Затем на ее обязанности лежали тысячи разных мелочей: надо было подсинивать ткани, подкрахмаливать, сушить, наконец, гладить, плоить. Осторожные остановки, нежные переходы, чтобы достичь конечного отдыха для белья, осуществимого в складках.

Тогда сестра Бега убирала ткани в шкапы ризницы, что было для нее большою радостью. Впрочем это инстинктивное удовольствие, присущее всем женщинам при уборке шкапов и белья! Для этого у них, на кончиках пальцев, точно врожденное дарование, специальные нервы, более впечатли тельные, какая-то чувствительность, в которой, может быть, спит инстинкт детского белья. Подобно тому, как матери дотрагиваются с волнением до детского приданого, сестра Бега перебирала приданое религии. Еще немного, и она вложила бы туда саше из ириса, — точно на самом деле это есть приданое, приданое для рождения облатки!

Для сестры Беги зима была печальным временем года, так как ее дорогие ткани страдали, как овцы, которых дурная погода удерживает в овчарне. Они тоже не могут быть на лужайке, боясь ветра и бури, которые, как волк, могут унести их.

Некоторые дни удовлетворяли ее снегом, около Рождества или Сретения. Тогда она забывала о своих тканях. Точно эти райские ткани, более священные, чем ее, распространялись по всему Бегинажу. Ослепительная красота! Девственная вата! Пух от белых полетов пространства! Манна облаток на стенах, траве, деревьях, крышах… Единодушная белизна!

Даже когда голодные воробьи сцарапывали клювом или лапками девственный покров, когда местами снег таял, внезапно открывая небольшую черную рану, — неустанный ветер приносил с вязов, растущих на площадке, несколько хлопьев, которые сейчас же превращались в корпию, и снова все заволакивалось снегом.

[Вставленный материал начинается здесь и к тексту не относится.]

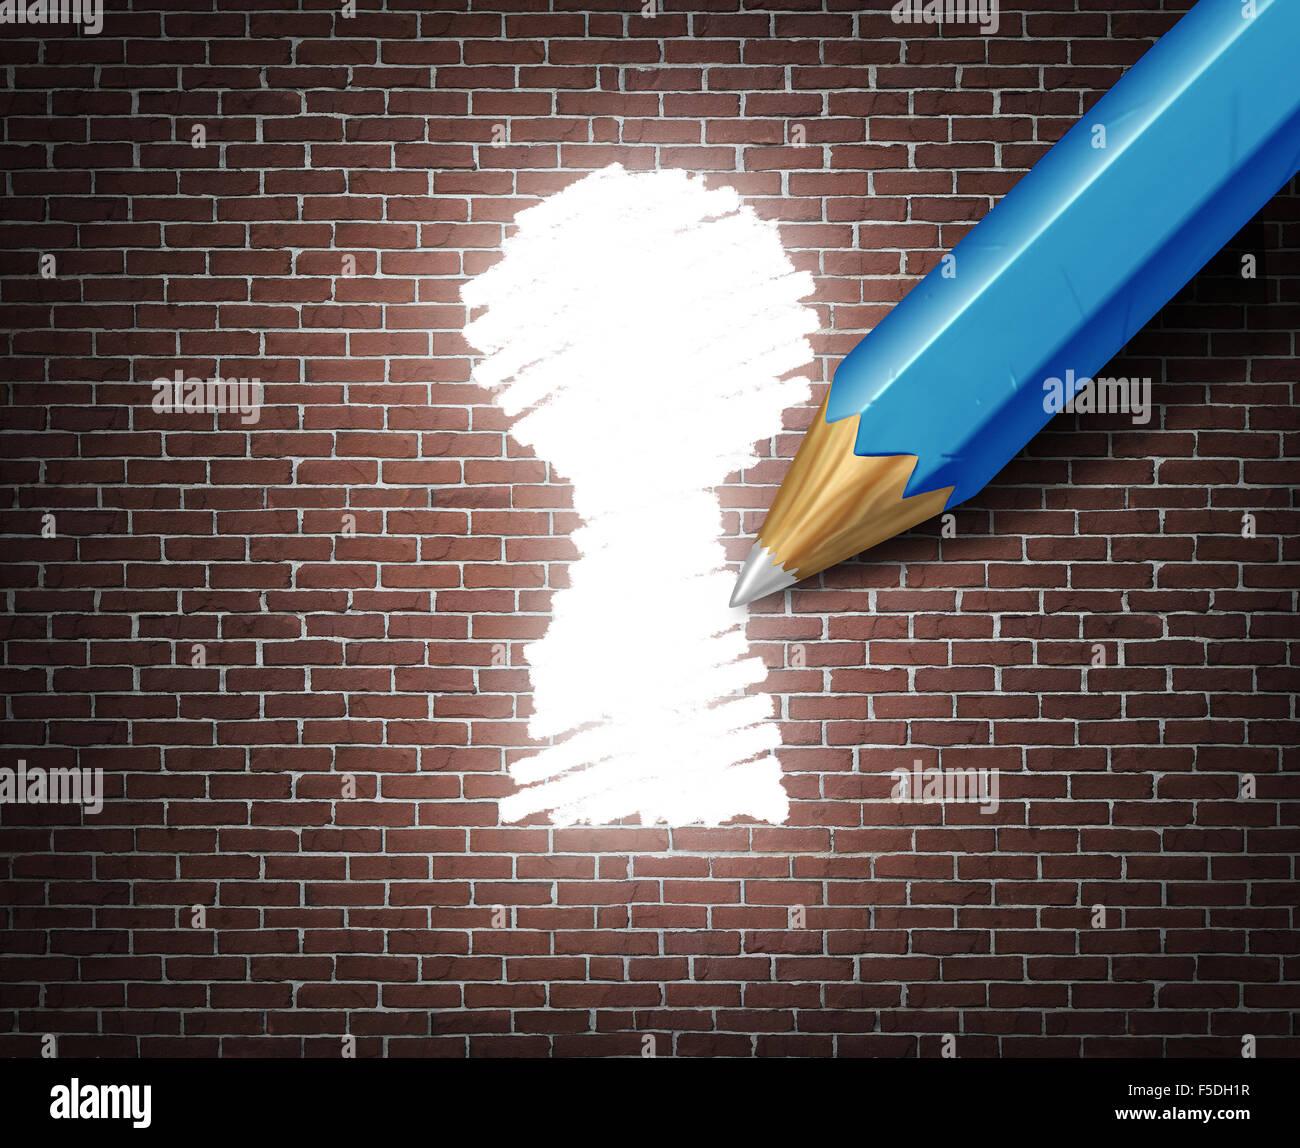 Möglichkeit Idee Geschäftskonzept Als Weiße Spitzen Bleistift

Хотя ее любовь к белому цвету в то время возбуждалась и доходила до высшей точки, сестра Бега предпочитала нежные весенние дни, когда разостланные ткани делали Бегинаж совсем белым. Она расстилала их на лужайке, возможно ближе одну ткань к другой, чтобы вся зелень скрывалась, превращалась в серебряную лужайку, точно озаренную лунным светом.

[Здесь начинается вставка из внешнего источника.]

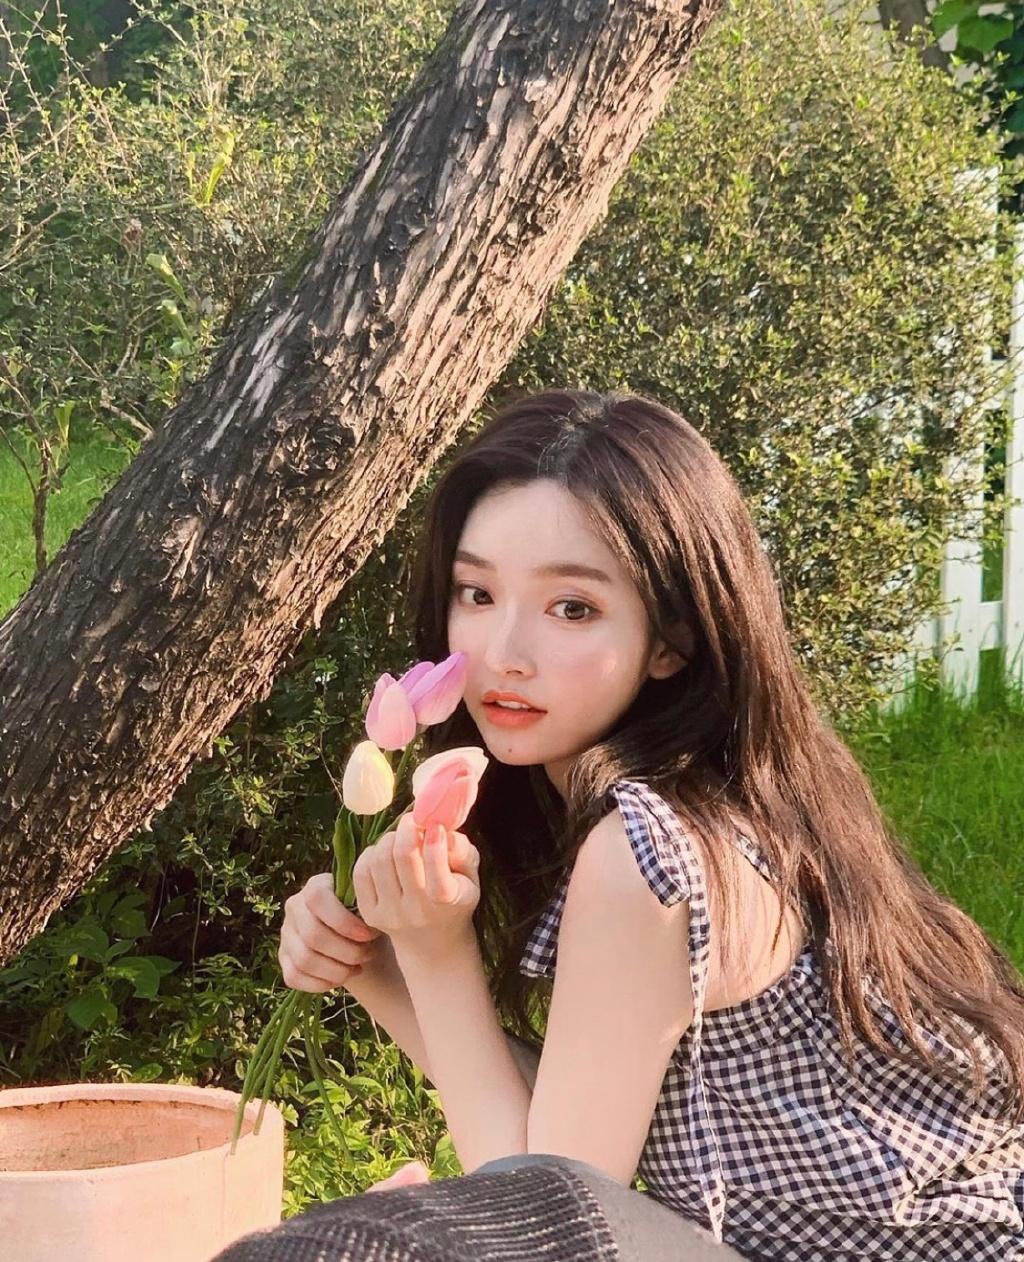 97韩国模特金娜熙

Может быть, у нее была еще одна надежда, когда она иногда смотрела в окно своей комнаты, выходившее на лужайку. Она обращала свои взоры на стихари, скатерти для алтаря, головные уборы, покрывала, образующие на траве блестящие цветники. Она начинала вдруг мечтать, неизвестно почему, о святой Веронике, не без тайной надежды увидеть на одну минуту черты лица Христа, отразившиеся в этих нитях, — это было бы для нее наградою за ее любовь к белому цвету и тканям.

Священные изображения[править]

Бегинки обожают духовные изображения. Они прикалывают их булавками к стенам своих келий; они украшают ими стены рабочей комнаты; они вкладывают их в страницы Часовника. Есть такие изображения, фон которых сделан из серебряного кружева точно паутина, полная мелкого града. Есть разноцветные, как ризы, и белые, точно облатка. Некоторые усеяны точками, подобно каналам, когда бывает звездное небо.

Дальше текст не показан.